1) The first thing that stood out in watching the eight teams in the NCAA Tournament pod in Nashville was the level of parity that was on display, and which is prevalent throughout college basketball. In the first half of the day’s first game, the East Region’s #11 seed, Texas, took futility to a new level, hitting 4 of 25 shots on its way to a 31-17 halftime deficit against #6 seed Cincinnati. After falling behind by 19 early in the second half, the Longhorns eventually tied the game, which wasn’t decided until the final minutes. In the nightcap, South Florida, the #12 seed in the Midwest Region, made Texas look efficient by going 3 for 27 and scoring 15 points in the first half. Somehow they trailed Temple by only four, and the Bulls came out of the locker room on fire and shot 60% for the second half on their way to a 58-44 win over #5 seed Temple. That was the largest spread of any of the final scores here. Each of the day’s games was up for grabs going into the final minutes.
FSU May Be The ACC Champs, But They Had Their Hands Full
Beyond the obvious – that #12 and #13 seeds won here on Friday, and that two #15 seeds won elsewhere on the same day – it is apparent that the disparity in talent between the mid-majors and the BCS schools continues to narrow. In watching teams in a pod in which there were no 1-16 or 2-15 matchups, it was clear that parity abounds. St. Bonaventure, the East Region’s #14 seed and the lowest-seeded team here, played ACC Tournament Champion Florida State to the wire and easily could have won the game. The Bonnies were the fourth-best team in what many consider the best mid-major league – Atlantic 10 – and they were able to control most of their battle with arguably the ACC’s best squad. And while it would have been an upset, no one here would have been shocked if it had happened. St. Bonaventure had good players, including the sensational Andrew Nicholson, and the overall difference in talent levels between the two squads was not as vast as it may have been in the past.

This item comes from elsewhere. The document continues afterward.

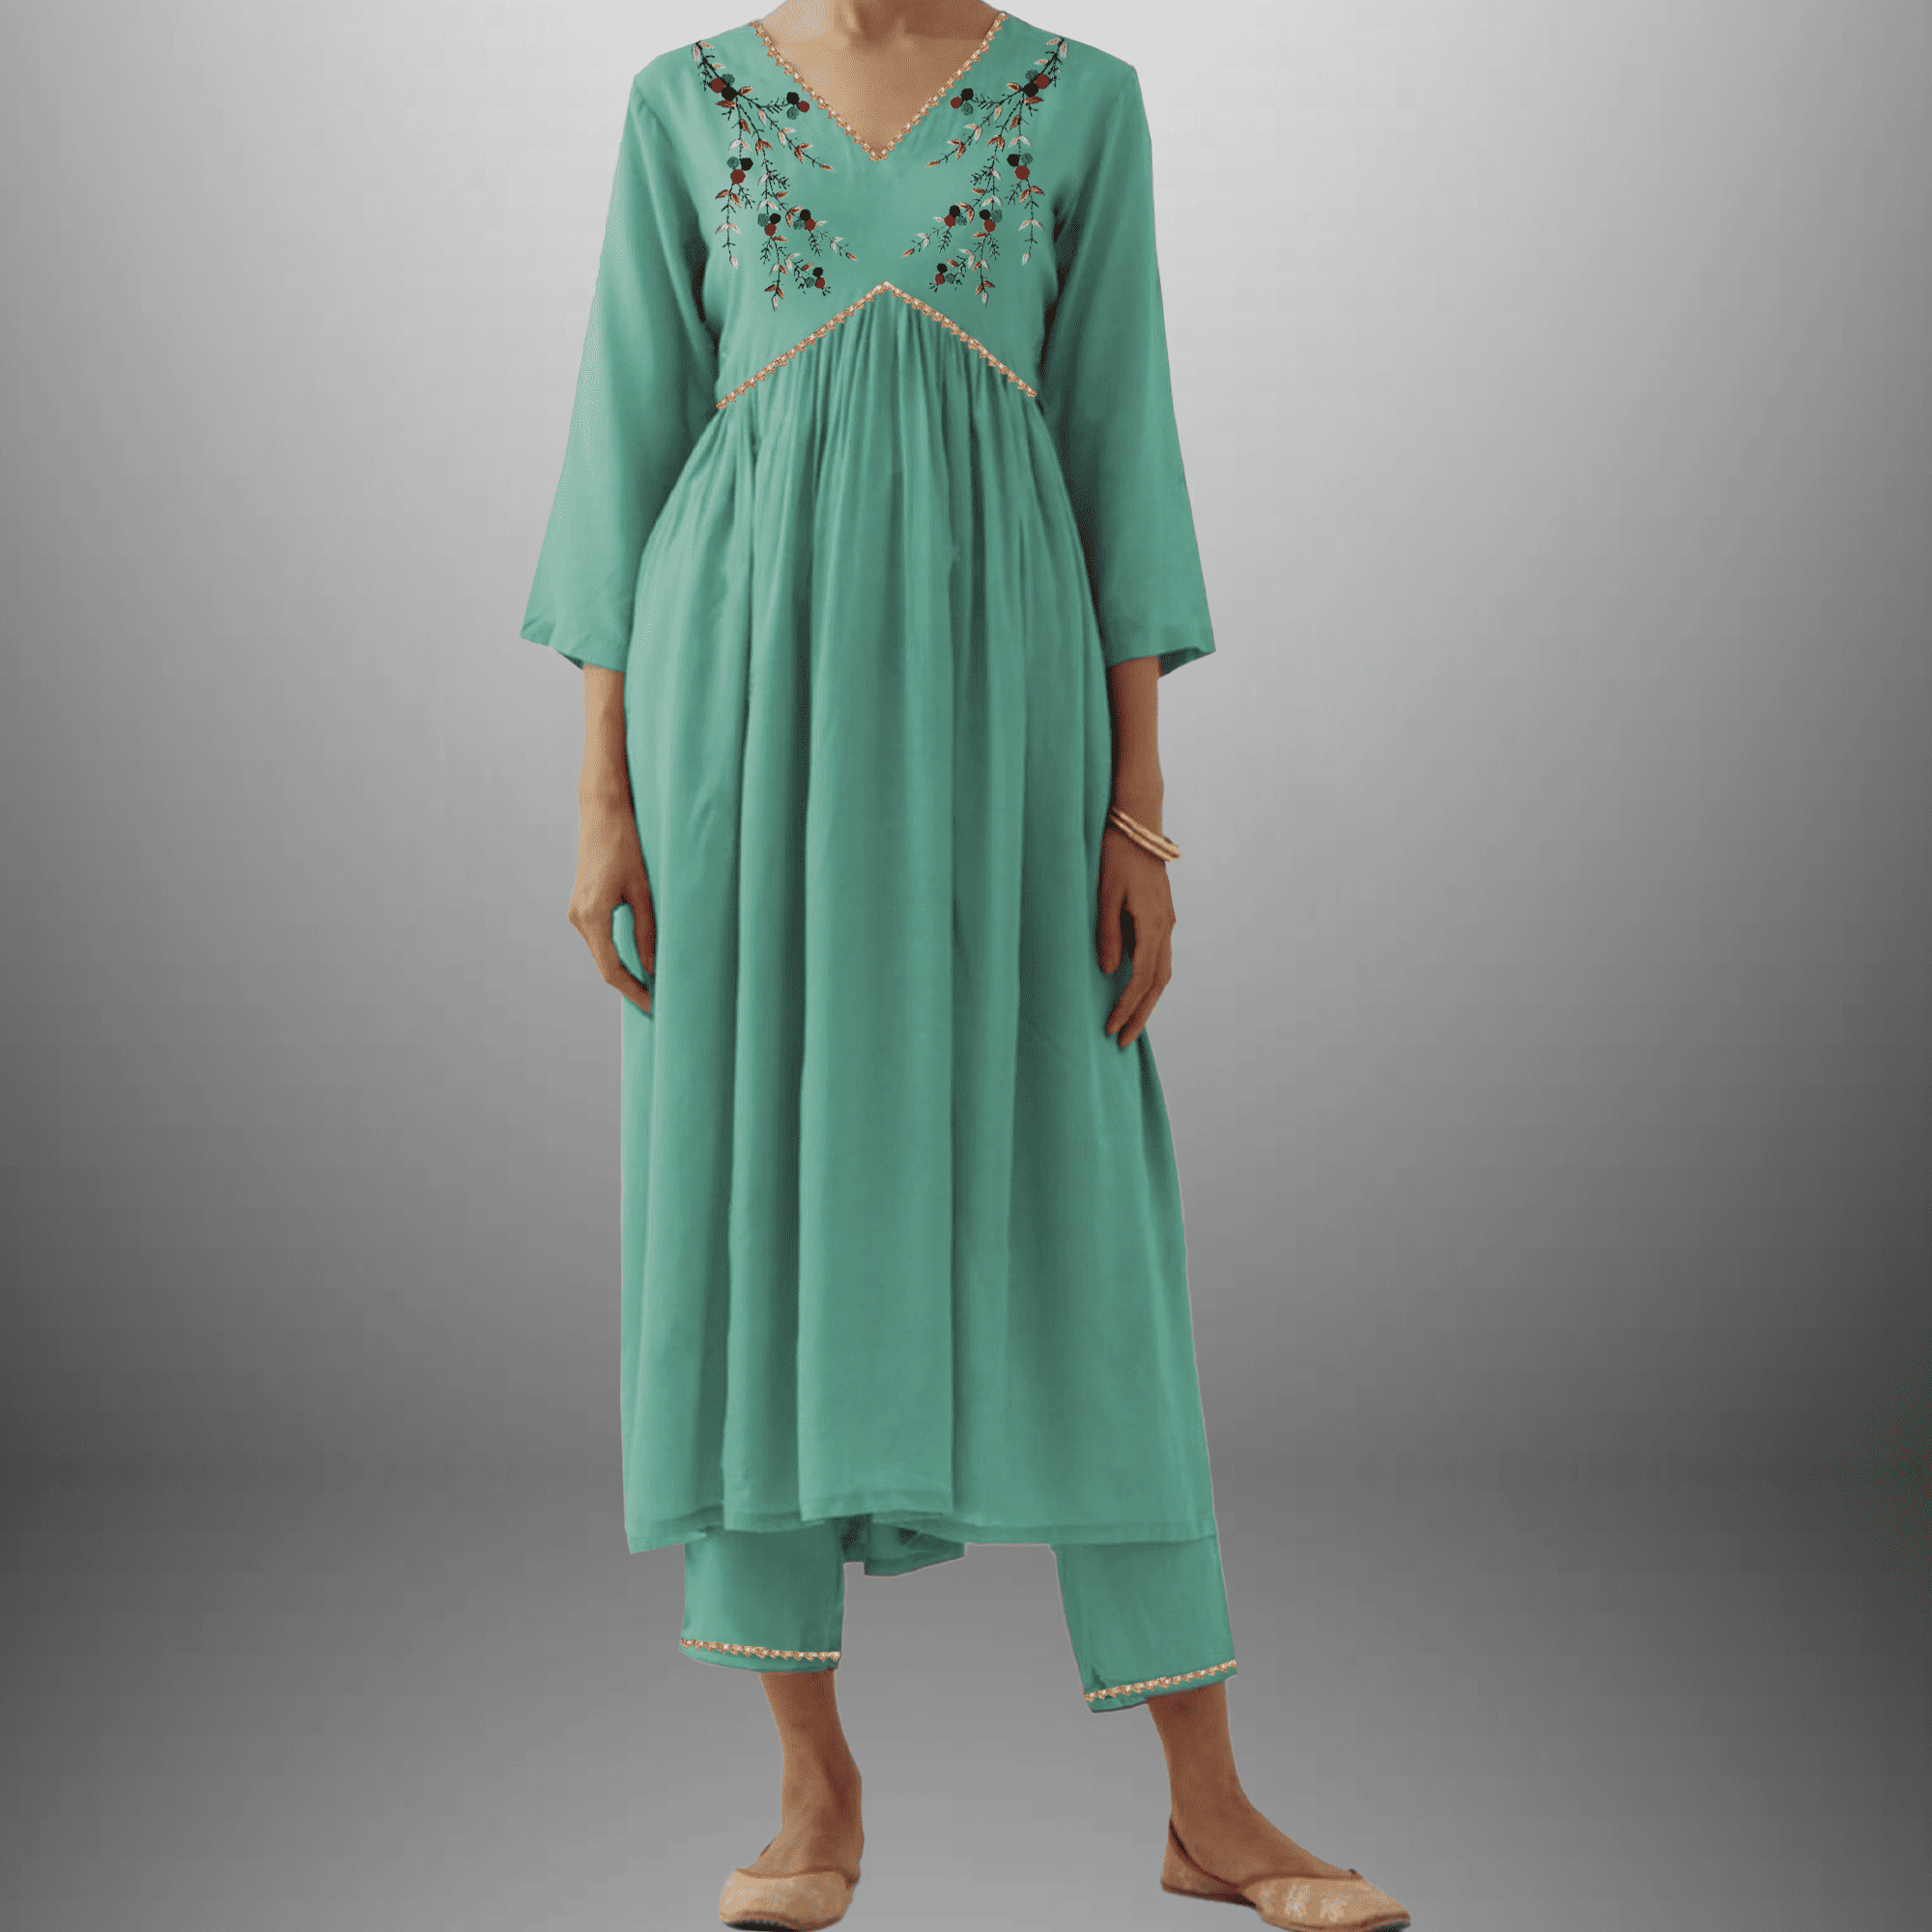 Women's  Mint Green Kurti set with Golden lace border and Embroidery on front-RWKS047

Transfers are also an important part of this equation. Case in point is Ohio forward Walter Offutt, who left after two years at Ohio State in which he rarely saw the floor. Offutt, a top-100 player coming out of high school, is one of many former high-major players we have seen over the years make a difference at the mid-major level. He is flourishing in Coach John Groce’s system and is the team’s second leading scorer. While he couldn’t get into the rotation in two years in Columbus, Offutt has flourished in relative obscurity in Athens. He is the type of player that allows a team like Ohio to compete when it faces better competition in March.
Upsets have long been a part of March Madness, but as we see more of them, we should be less surprised. The George Masons, Butlers, and VCUs of the world have shown us that there is plenty of talent outside the BCS leagues, and the parity on display in Nashville on Friday typified that.